**Information provided**
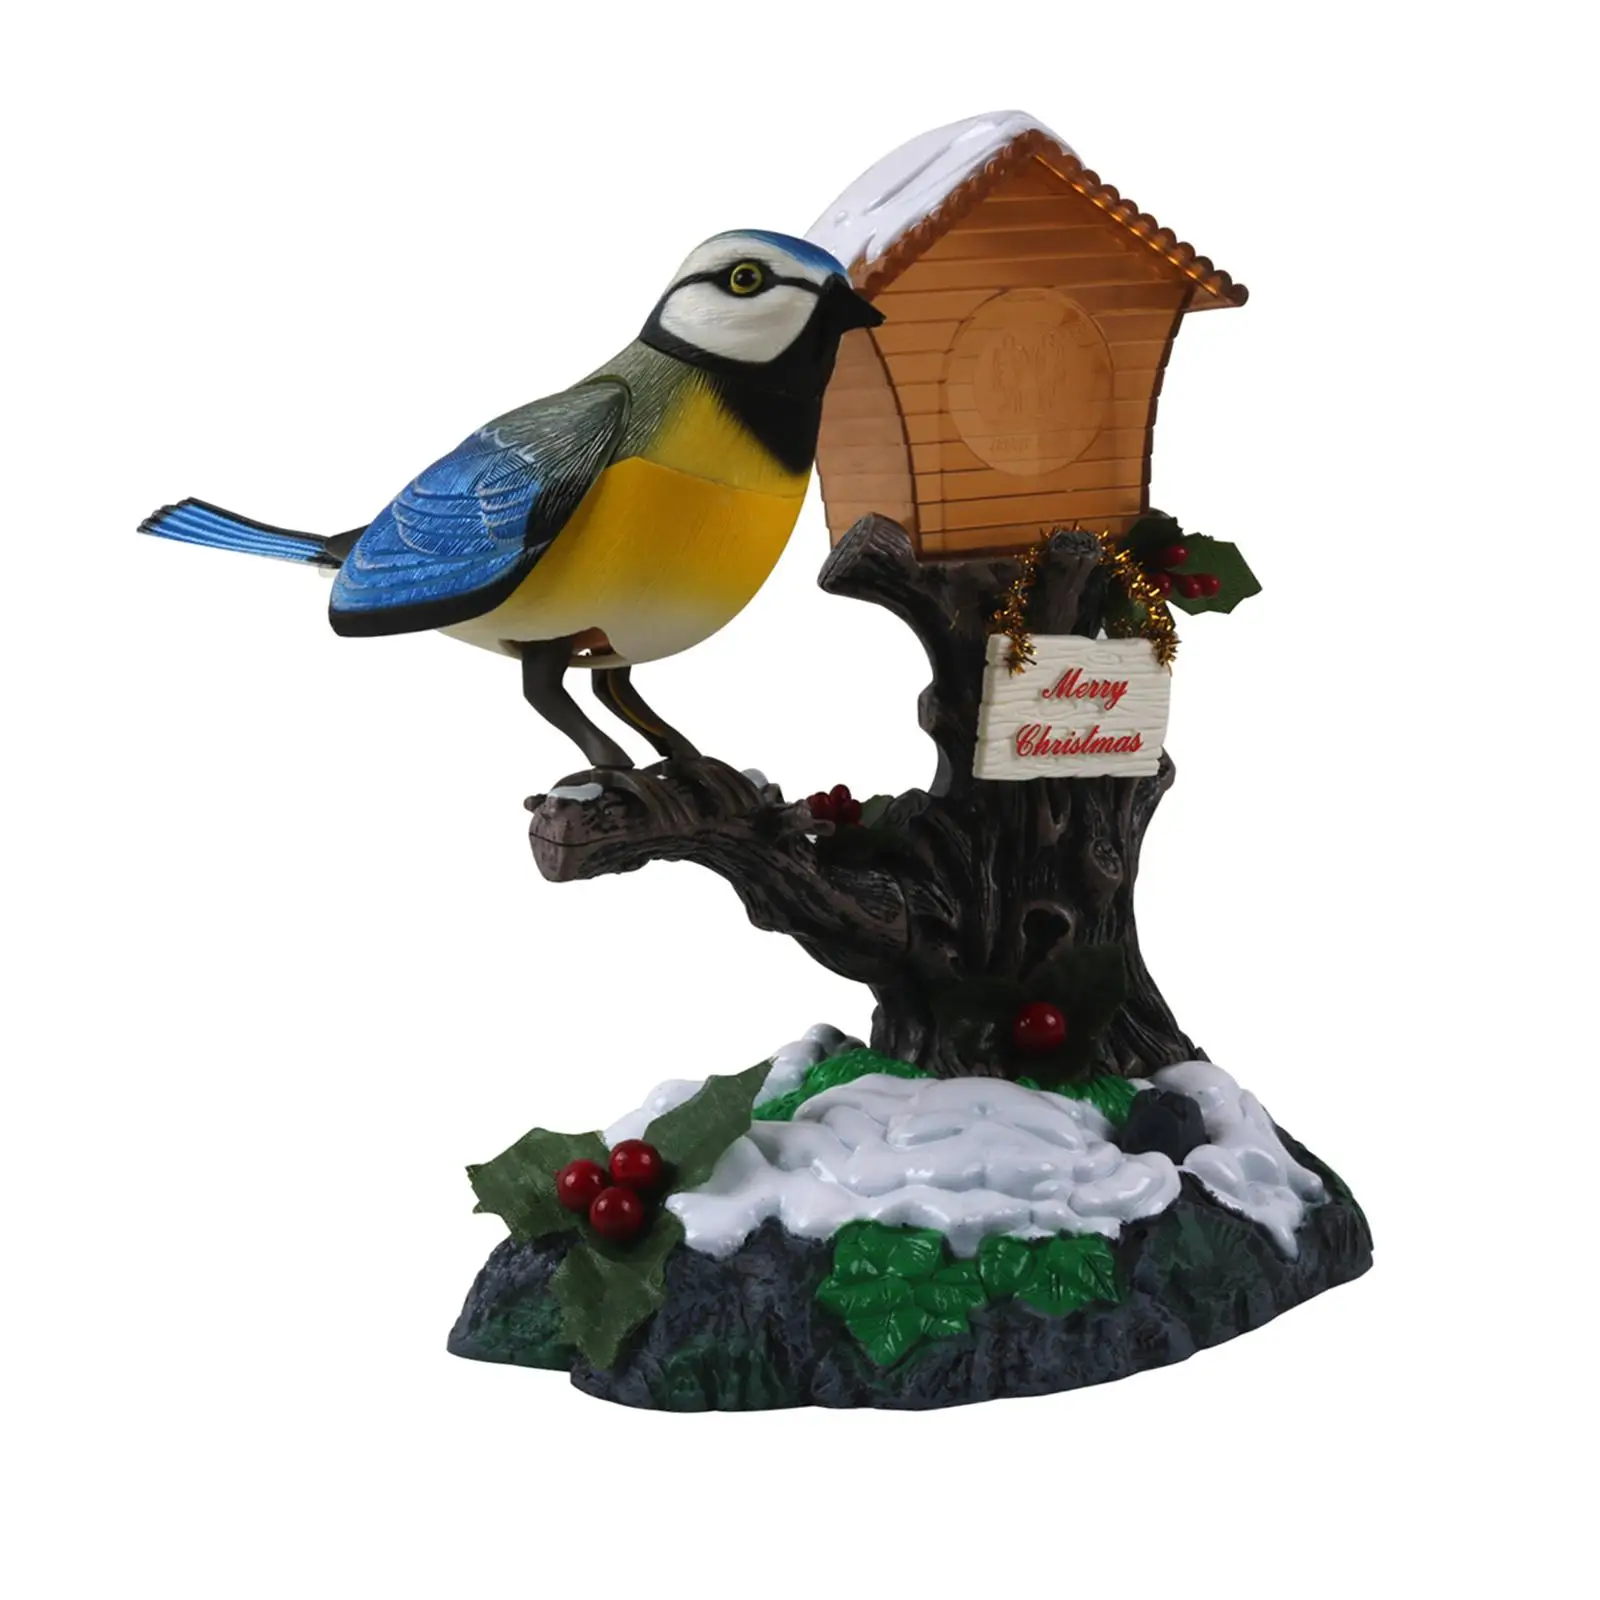 Talking Sound Control Bird Toy Office Garden Party Creative Gift Home Decor
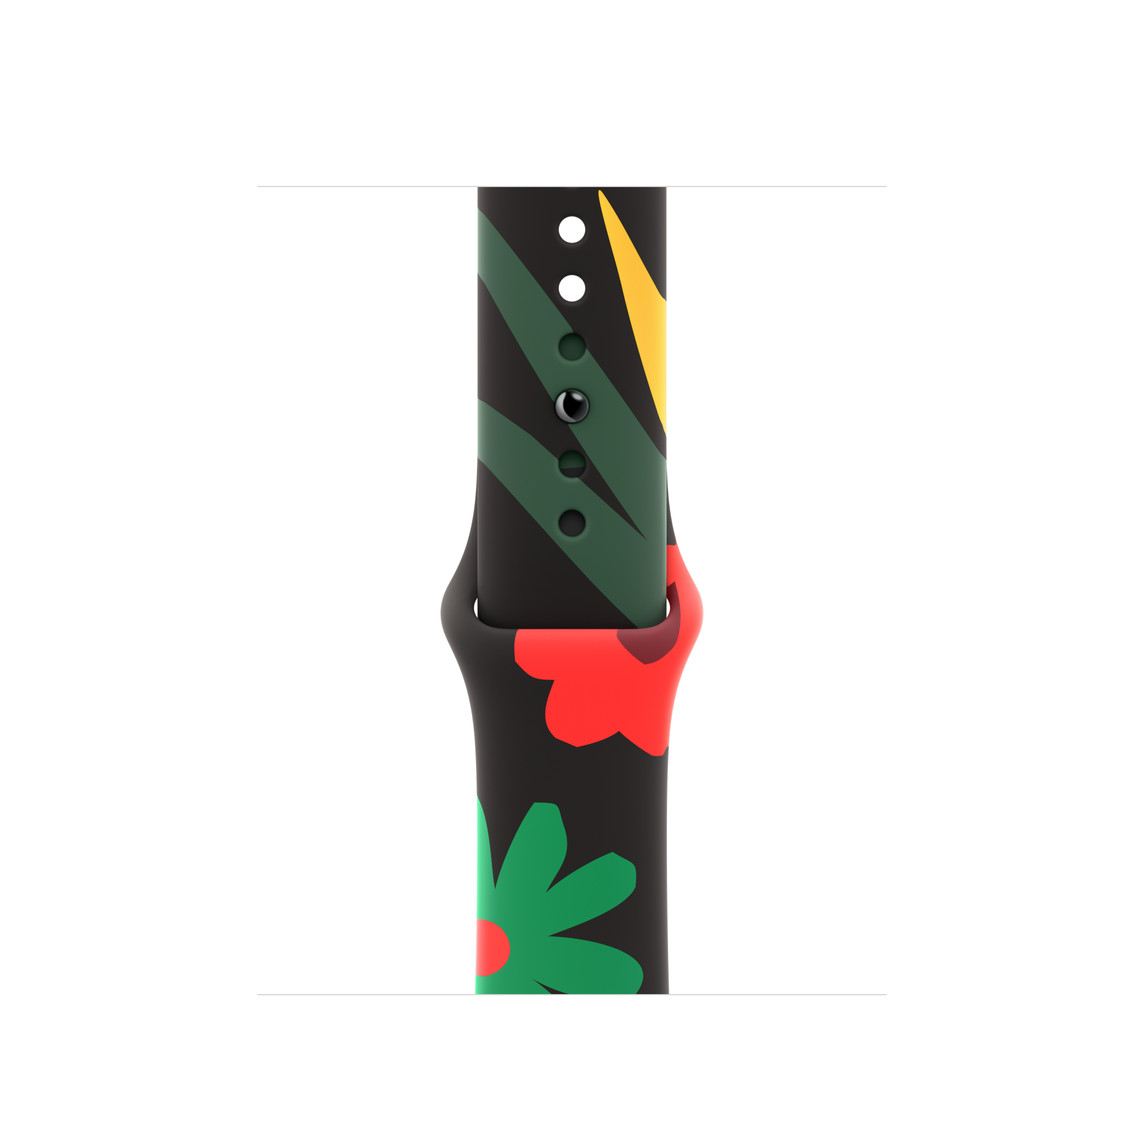 Cinturino Sport Black Unity Fiori dell’unità, abbellito da fiori illustrati di diverse forme e dimensioni disegnati in uno stile semplicistico e in varie tonalità del rosso, verde e giallo, chiusura pin-and-tuck.
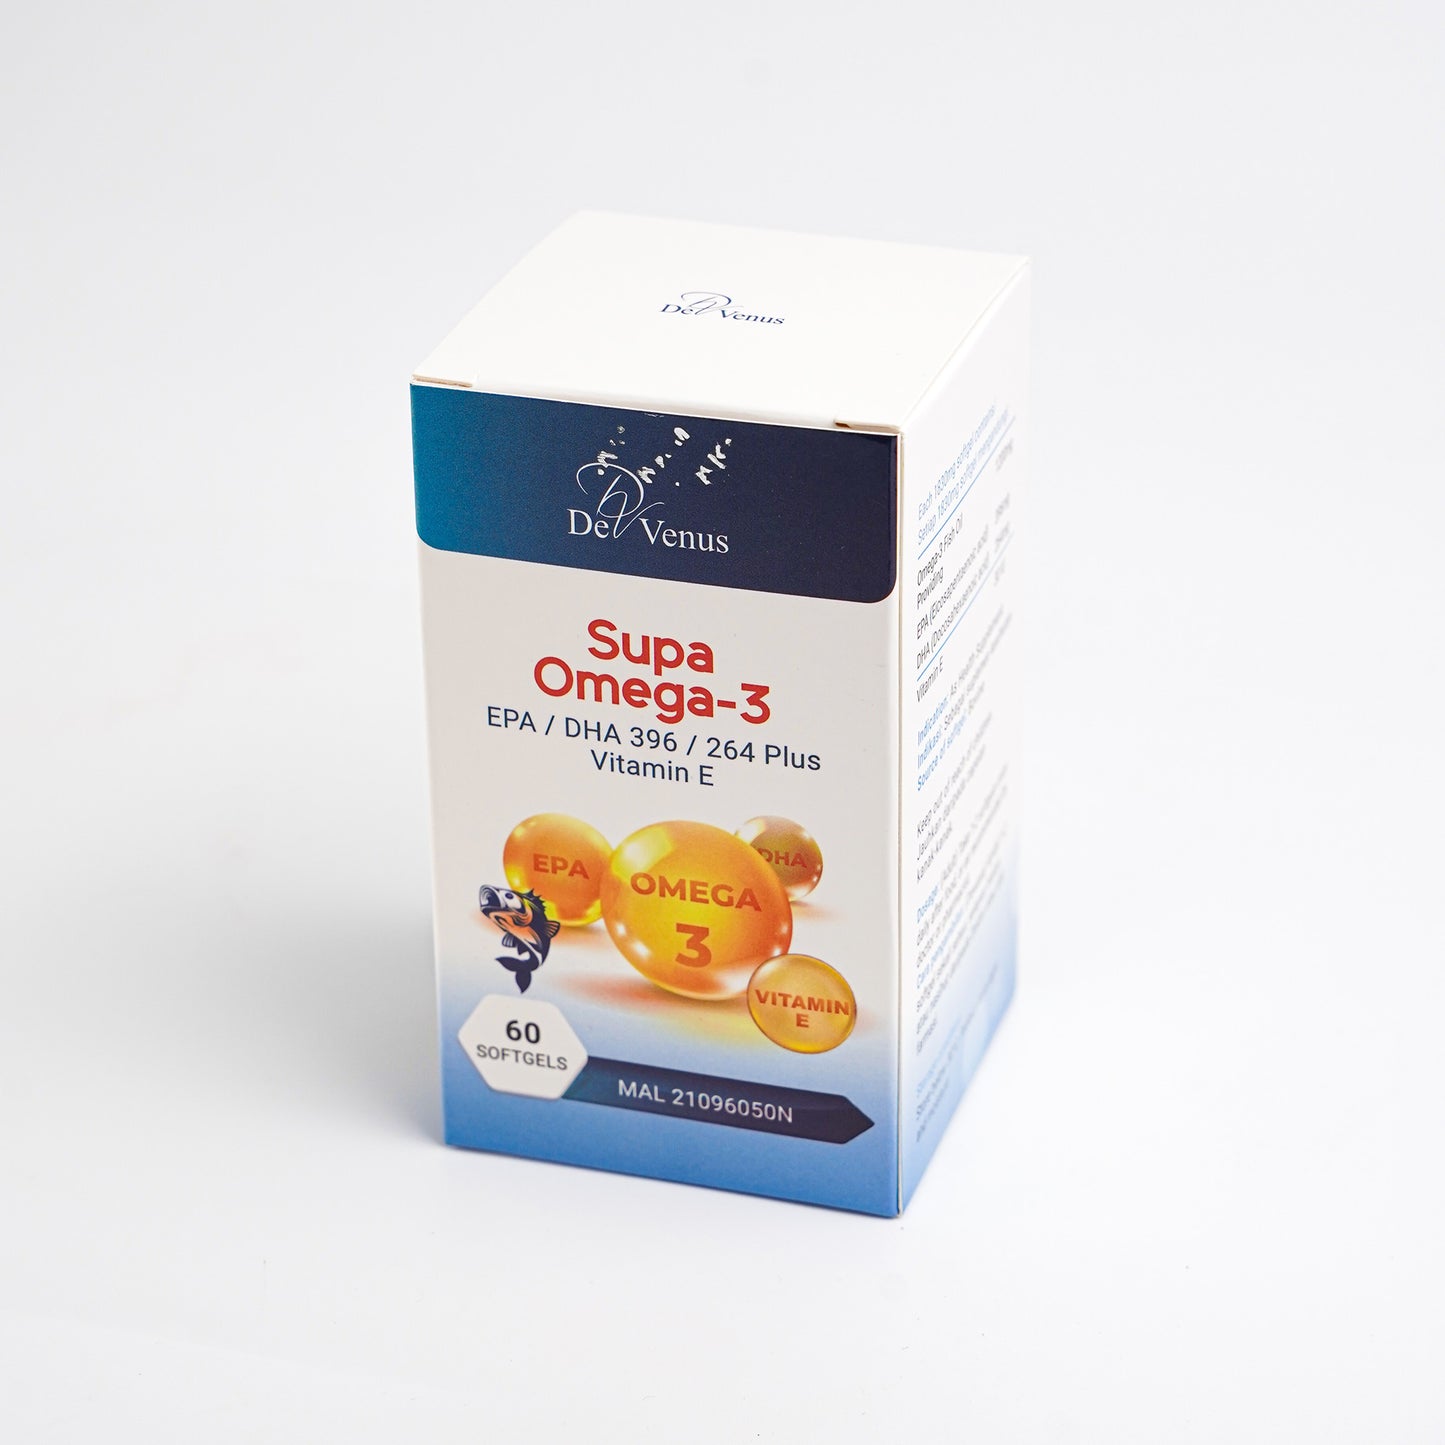 De Venus Supa Omega-3 Fish Oil Plus Vitamin E 30IU 60 Softgels
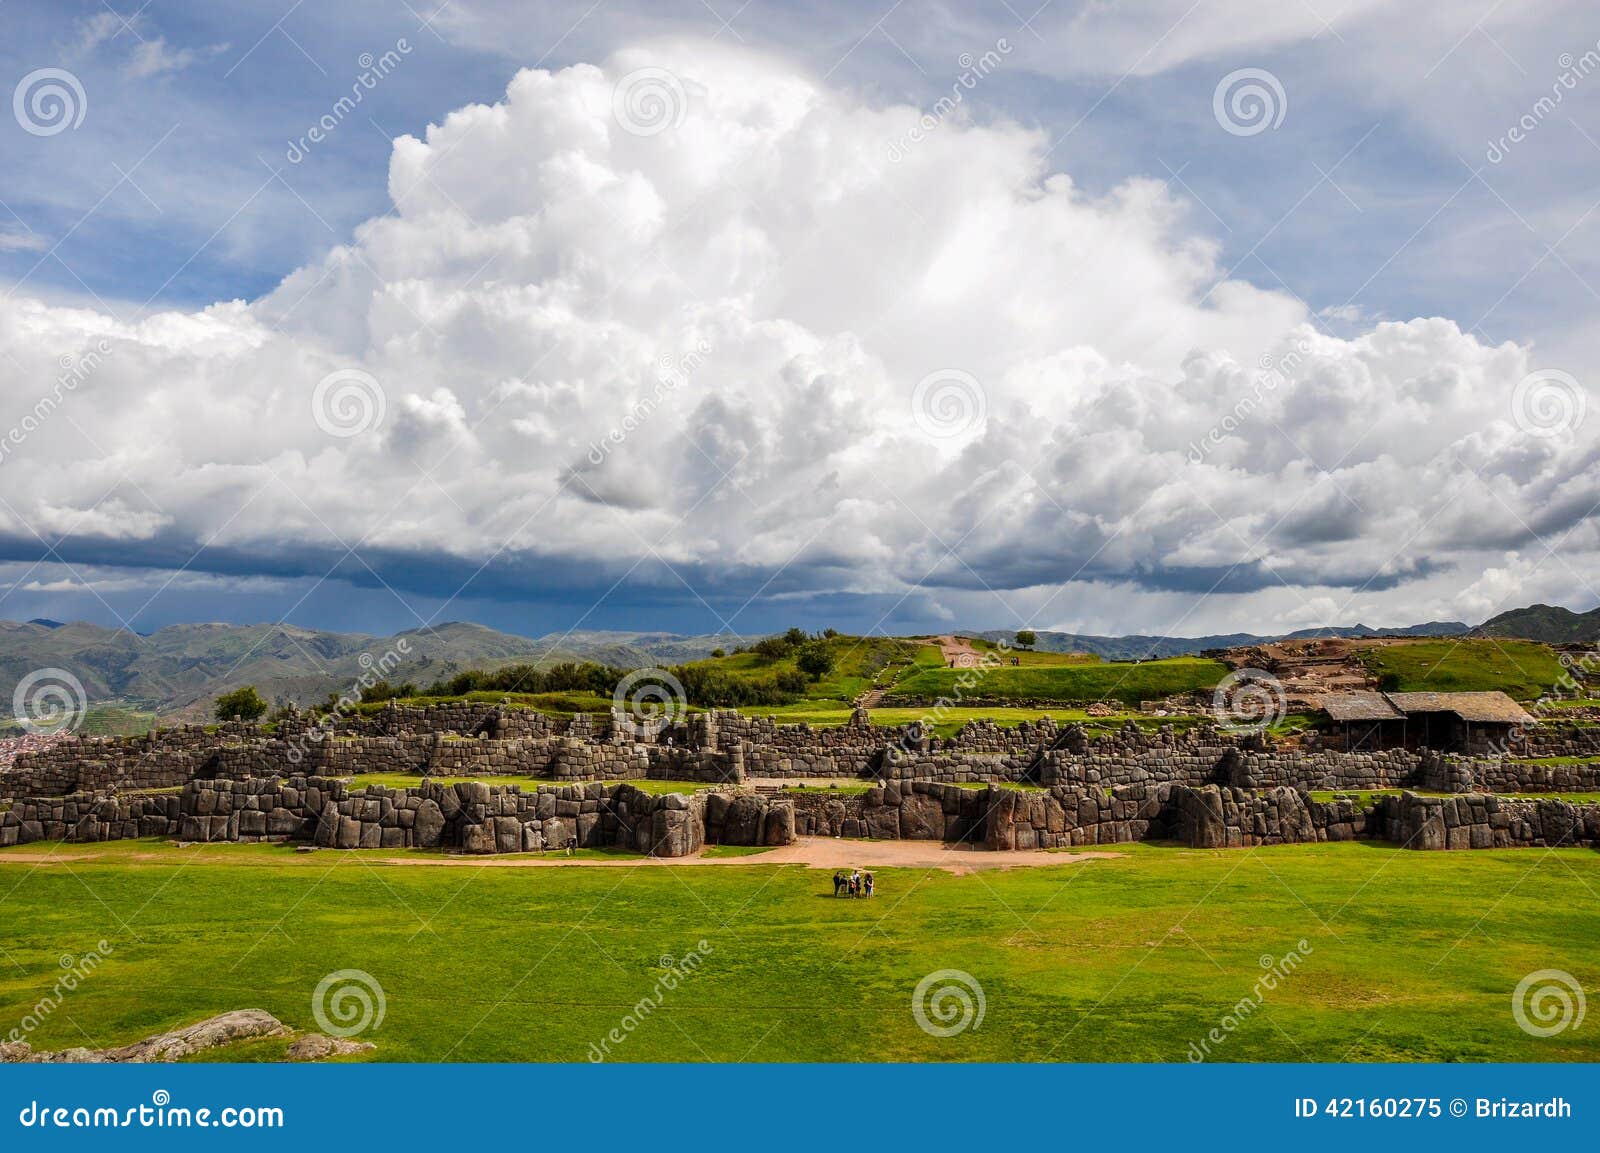 saqsaywaman incas ruins near cusco, peru

**Problem requirements**
All of the material above should be copied exactly, minus the pictures.

**Result of this task**
 Talking Sound Control Bird Toy Office Garden Party Creative Gift Home Decor
 Cinturino Sport Black Unity Fiori dell’unità, abbellito da fiori illustrati di diverse forme e dimensioni disegnati in uno stile semplicistico e in varie tonalità del rosso, verde e giallo, chiusura pin-and-tuck.
 De Venus Supa Omega-3 Fish Oil Plus Vitamin E 30IU 60 Softgels
 saqsaywaman incas ruins near cusco, peru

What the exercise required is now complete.